Technical context and practical price targets
NET.AX recent momentum shows large YTD decline of 70.00% and multi‑quarter downside. Year high is A$0.0045 and year low A$0.003. Practical analyst price targets for traders: conservative A$0.01 (upside 233.33%), base A$0.02 (upside 566.67%), and bull A$0.05 (upside 1,566.67%). For risk control consider tight position sizing and stop losses given volatility and low liquidity.
Final Thoughts
NET.AX stock sits at A$0.003 heading into Netlinkz Limited’s earnings on 04 Mar 2026. Financials show negative EPS A$-0.17, a weak current ratio 0.06068, and small market cap A$248,390.00, so near‑term downside from disappointing results is real. However, Meyka AI’s quantitative grade (B+, 70.13) and model output flag a high‑variance opportunity: Meyka AI’s forecast model projects A$5.12 over a yearly horizon, implying an outsized theoretical upside of 170,593.80%, although that projection is model‑based and not a guarantee. For investors we frame this as a speculative earnings play: allocate only what you can afford to lose, watch cash flow and contract commentary in the report, and expect large intraday swings. Traders should prioritise liquidity and use strict risk limits; long‑term investors should demand consistent revenue growth and improving margins before increasing exposure to Netlinkz (NET.AX).
FAQs
What should I watch in Netlinkz’s earnings report?

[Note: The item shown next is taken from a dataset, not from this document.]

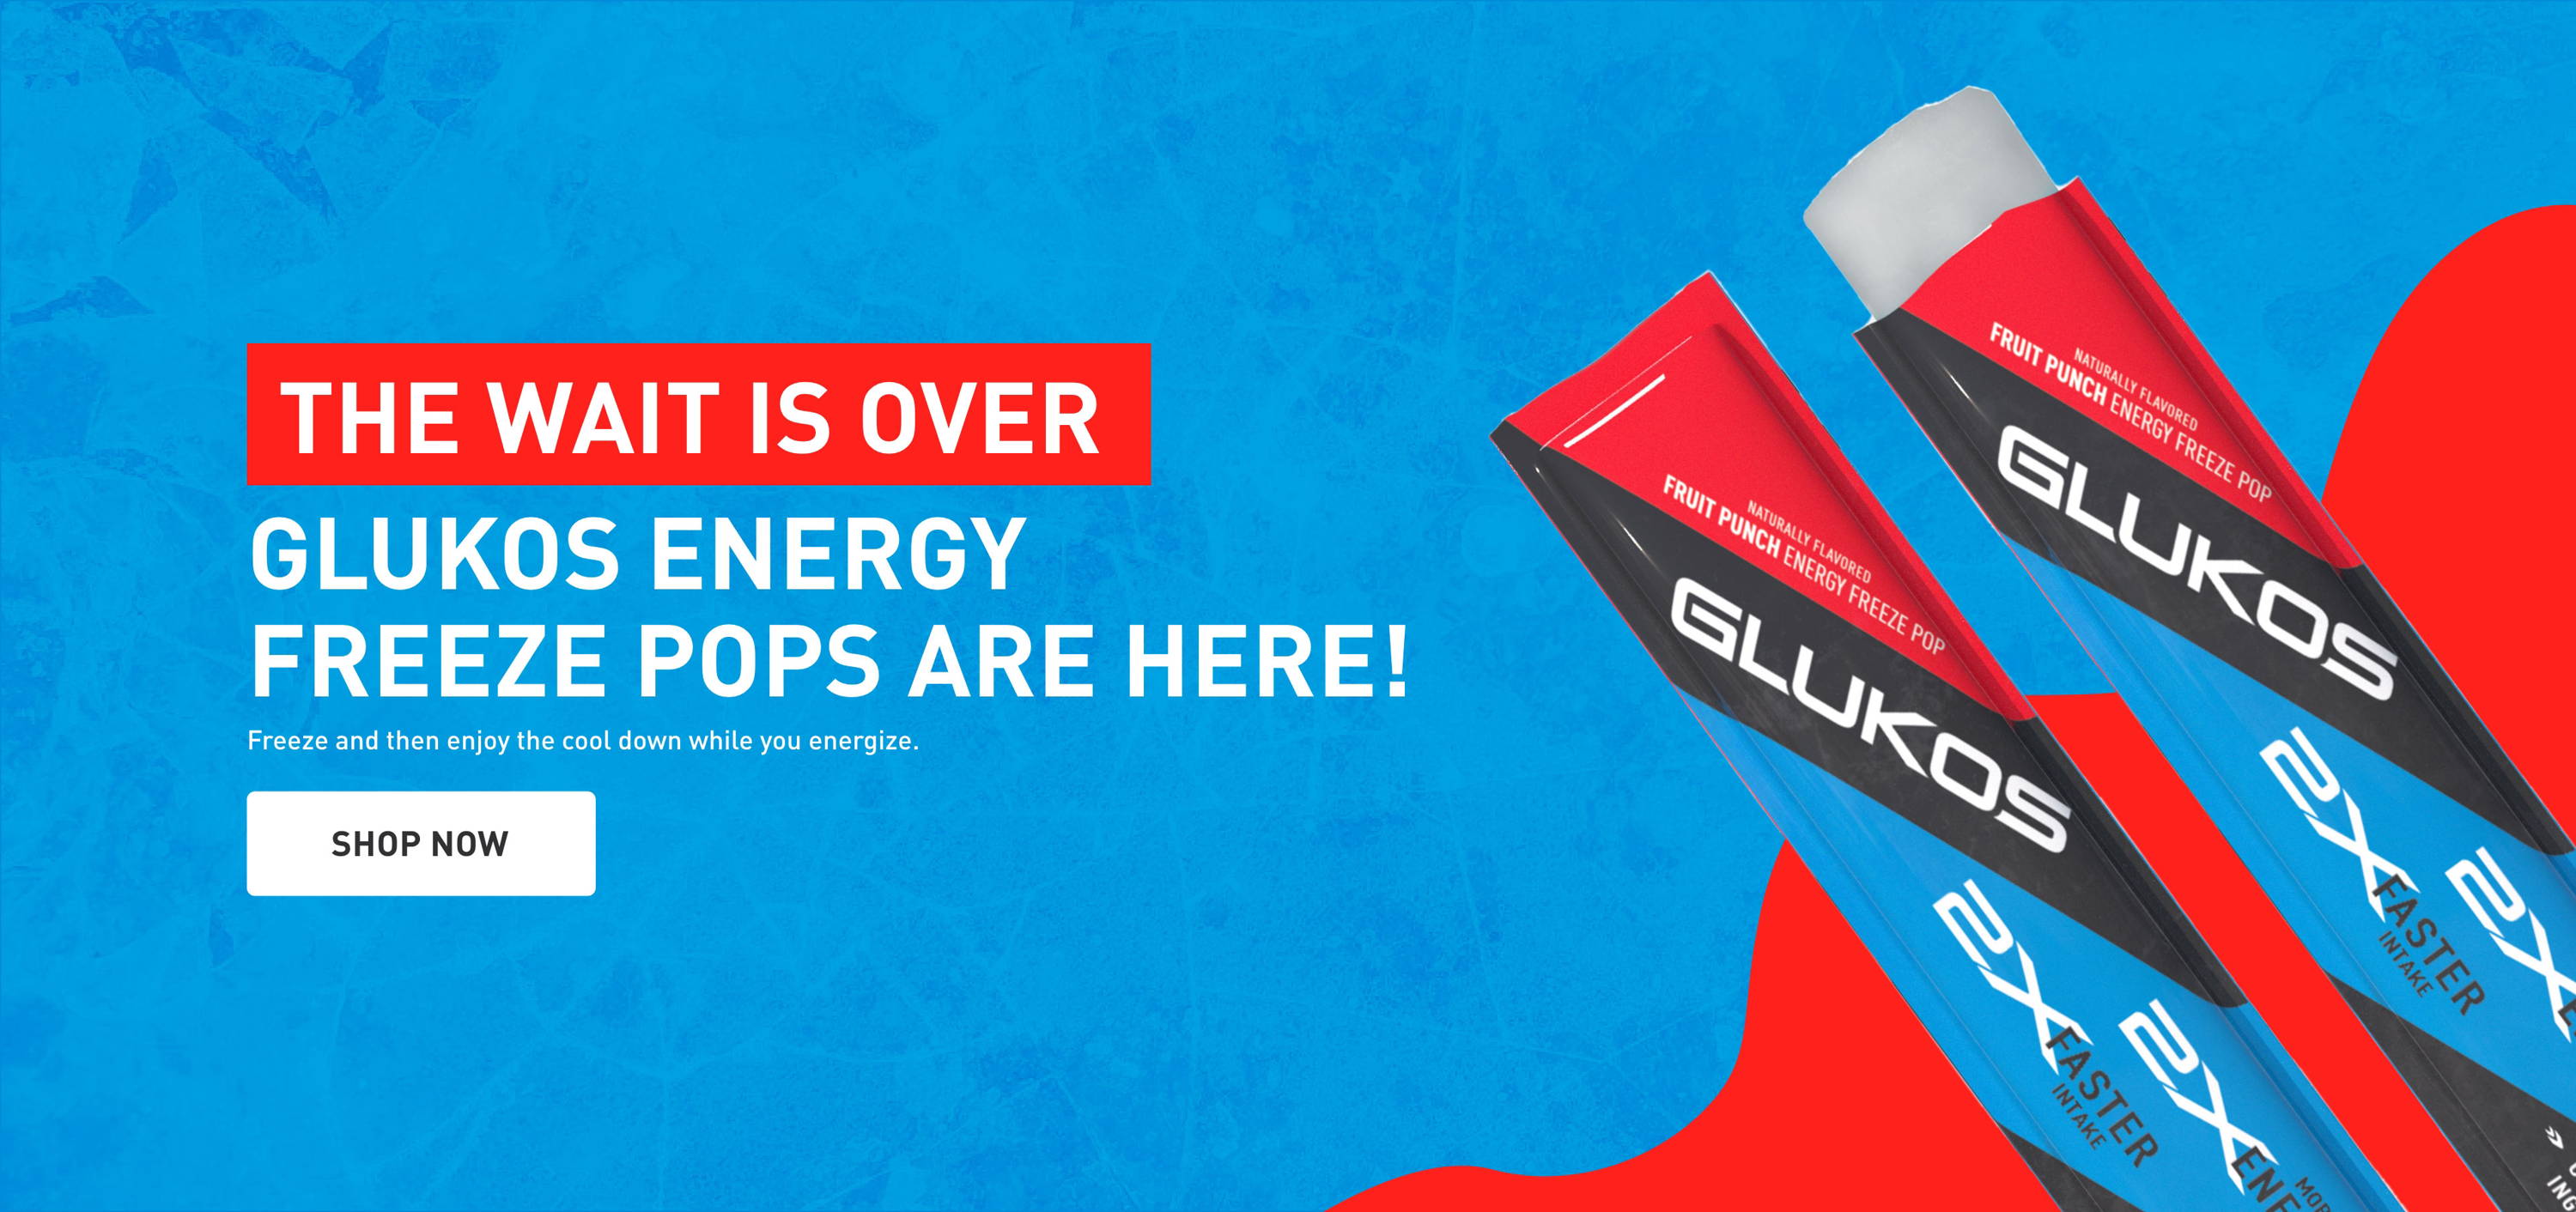 The Wait is Over - Glukos Energy Freeze Pops Are Here! Freeze and the enjoy the cool down while you energize - SHOP NOW

Focus on revenue trajectory, recurring contract wins, cash flow, and commentary on margins. Given NET.AX stock’s small market cap and low liquidity, management guidance on cash or new partner agreements will be the biggest market driver.
Is NET.AX stock a buy after earnings?
Post‑earnings buys depend on evidence of improving cash flow and contract momentum. Meyka AI gives a B+ grade but advises cautious, size‑limited positions because fundamentals and liquidity remain weak.
How reliable is the Meyka AI forecast for NET.AX?
Meyka AI’s forecast model projects A$5.12, but forecasts are model‑based projections and not guarantees. Use them alongside fundamentals; treat the number as a scenario, not a certainty.
Disclaimer:
Stock markets involve risks. This content is for informational purposes only. Past performance does not guarantee future results. Meyka AI PTY LTD provides market analysis and data insights, not financial advice. Always conduct your own research and consider consulting a licensed financial advisor.